Mr. Keeley is a scientist with the U.S. Geological Survey, and Ms. Syphard is with the Conservation Biology Institute.

Such findings appear to fly in the face of widespread reports that human-caused global warming is increasing the severity and frequency of wildfires by fueling drought and higher temperatures.

“Extreme heat and wildfires made worse by climate change, say scientists,” an Associated Press article proclaimed this week on NBC News.

“We now have very strong evidence that global warming has already put a thumb on the scales, upping the odds of extremes like severe heat and heavy rainfall,” Stanford University climate scientist Noah Diffenbaugh told the AP.

Yale Environment 360 declared in an Oct. 2 article, “Stark Evidence: A Warmer World Is Sparking More and Bigger Wildfires,” and concluded that “the fires being seen today … are man-made, or at least man-worsened.”

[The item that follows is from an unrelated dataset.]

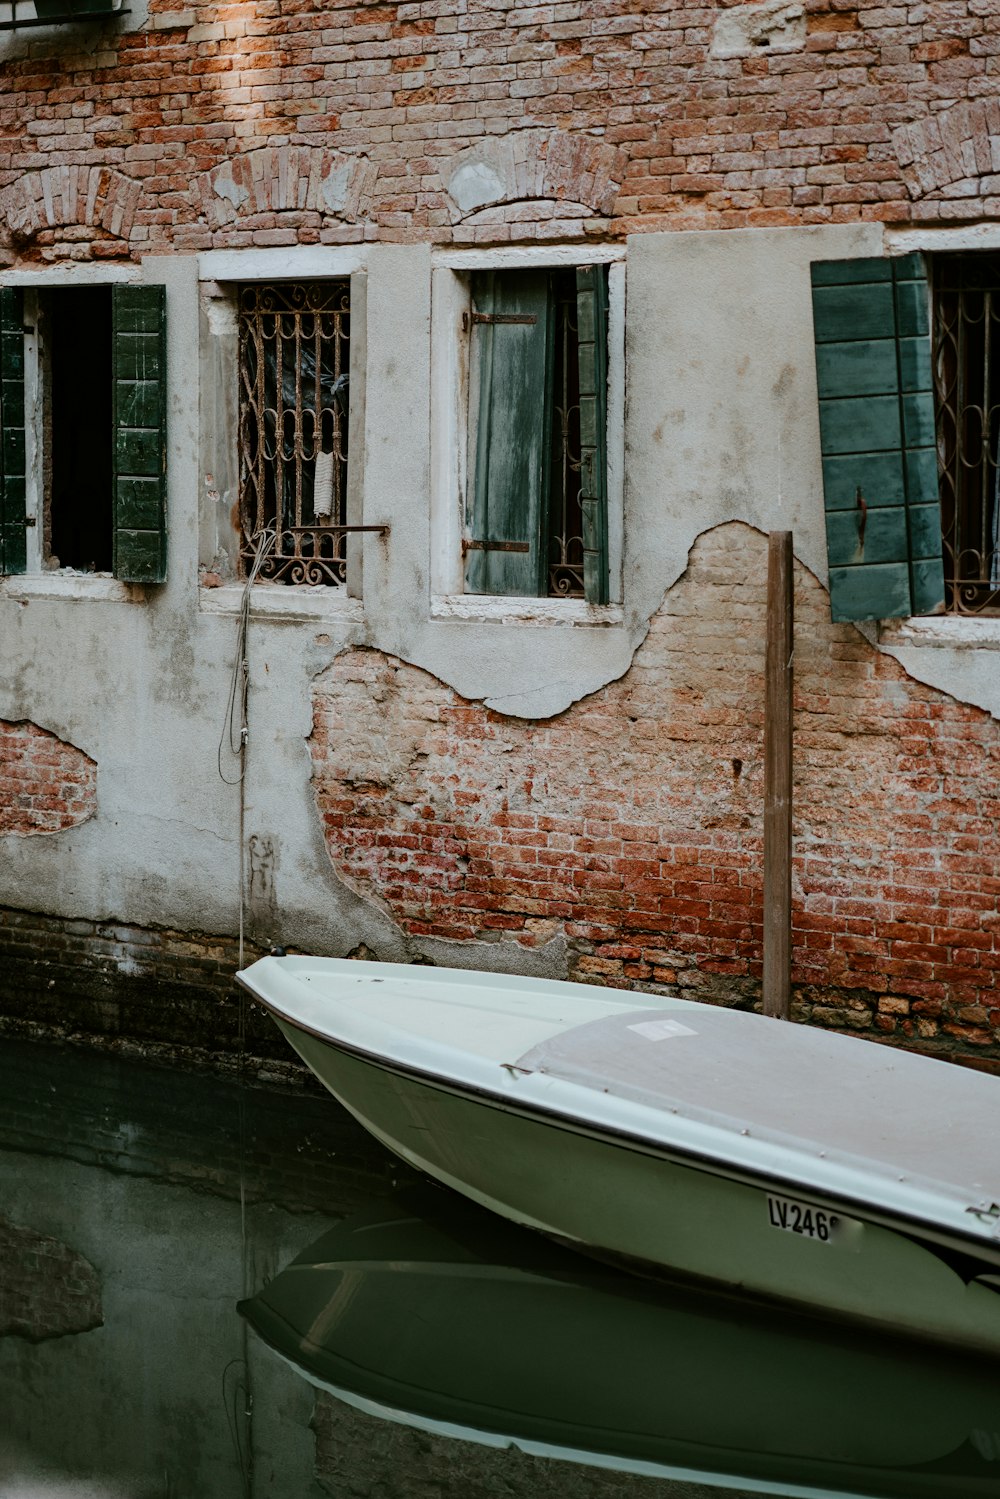 white boat next to brick wall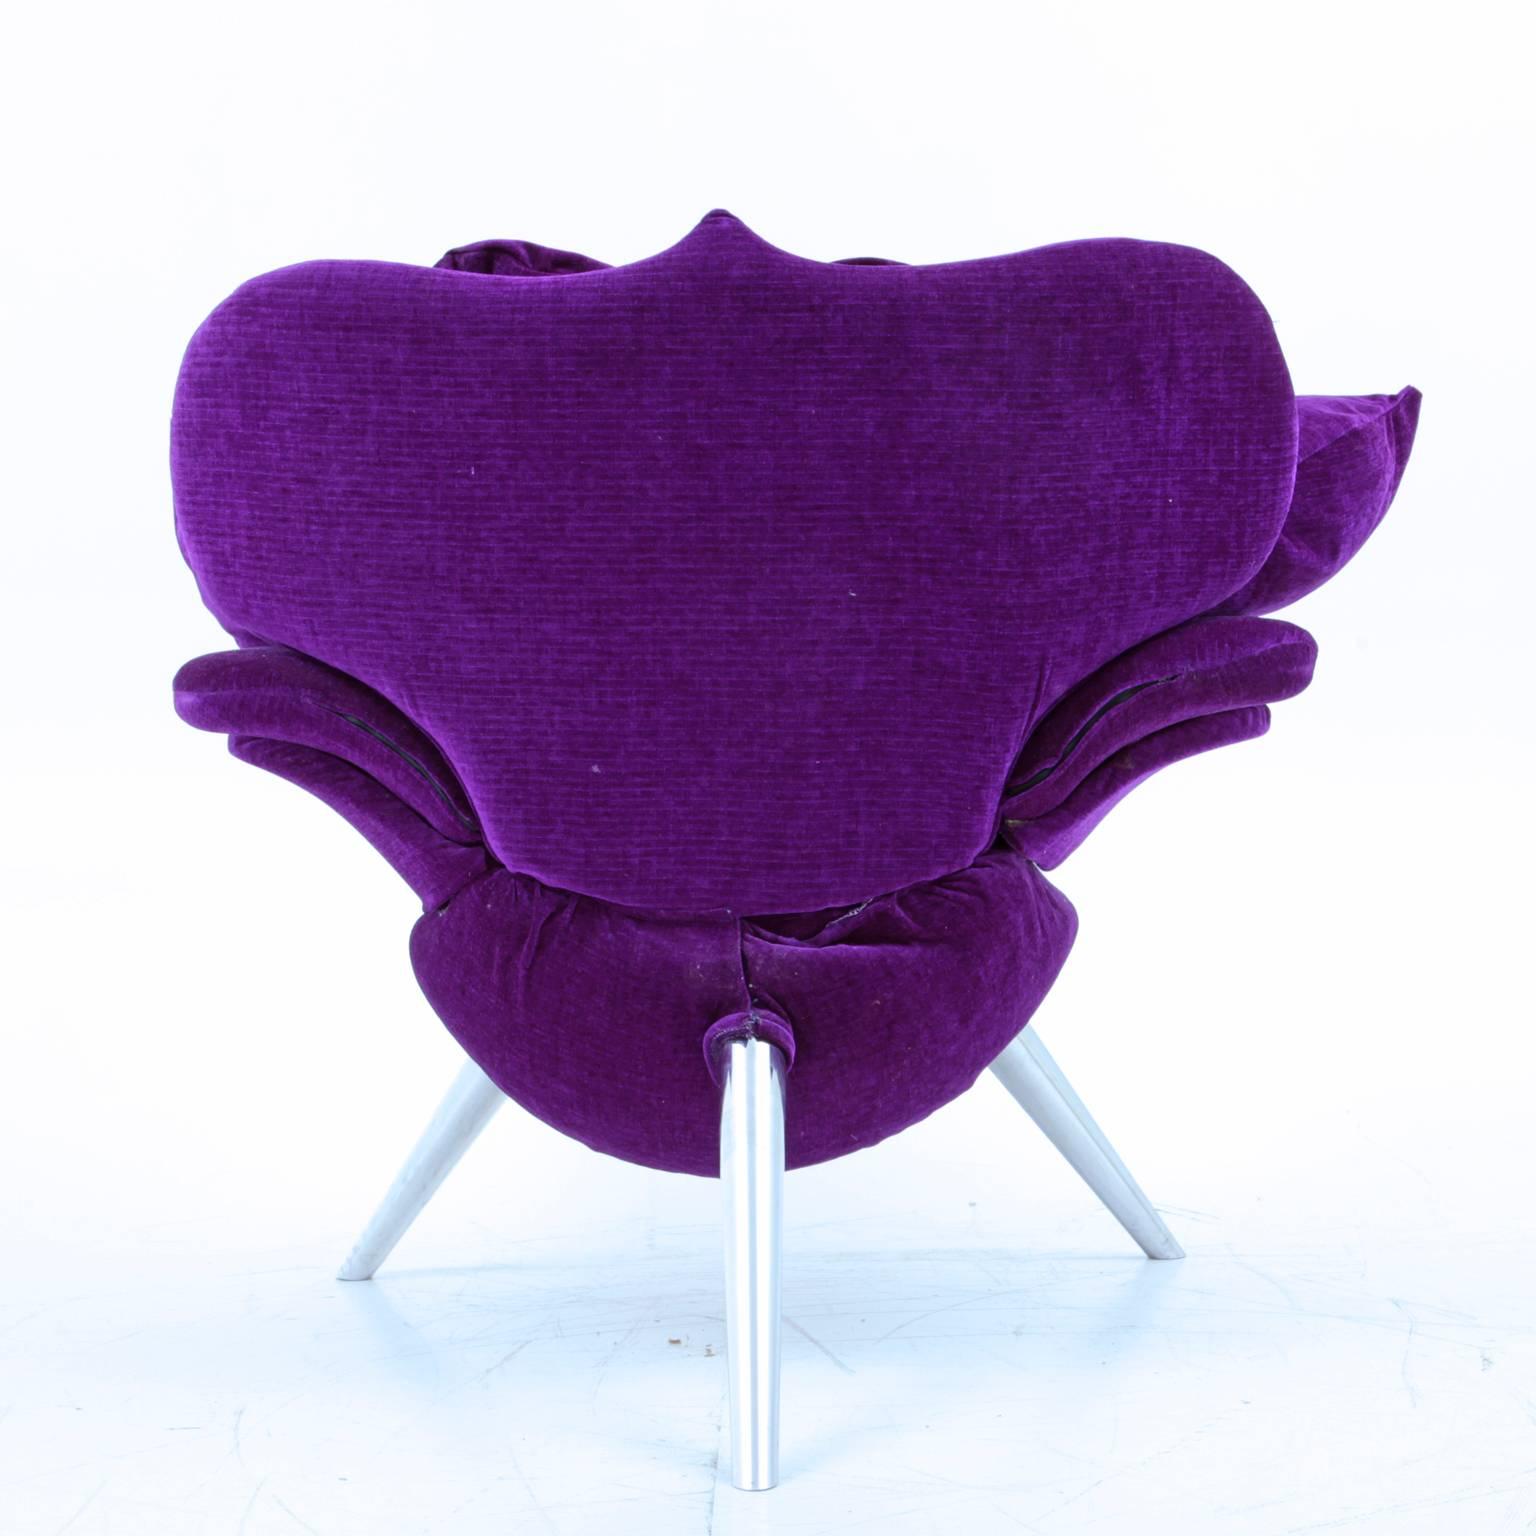 Modern Designer Chair “Rose” by Edra, designed by Masanori Umeda, 1990s

This year’s U.S. wildfire season was forecast to be worse than average, and so far it has kept with predictions, with 98 wildfires blackening 4.6 million acres as of Monday, more than the 10-year average of 3.7 million acres, according to the National Interagency Fire Center.

California has been hit hardest, but firefighters made progress Monday. They lifted some evacuation orders on the Carr fire in Shasta County about 150 miles north of Sacramento, the deadliest and most destructive of the blazes, and reached 30 percent containment on the Ferguson fire near Yosemite National Park.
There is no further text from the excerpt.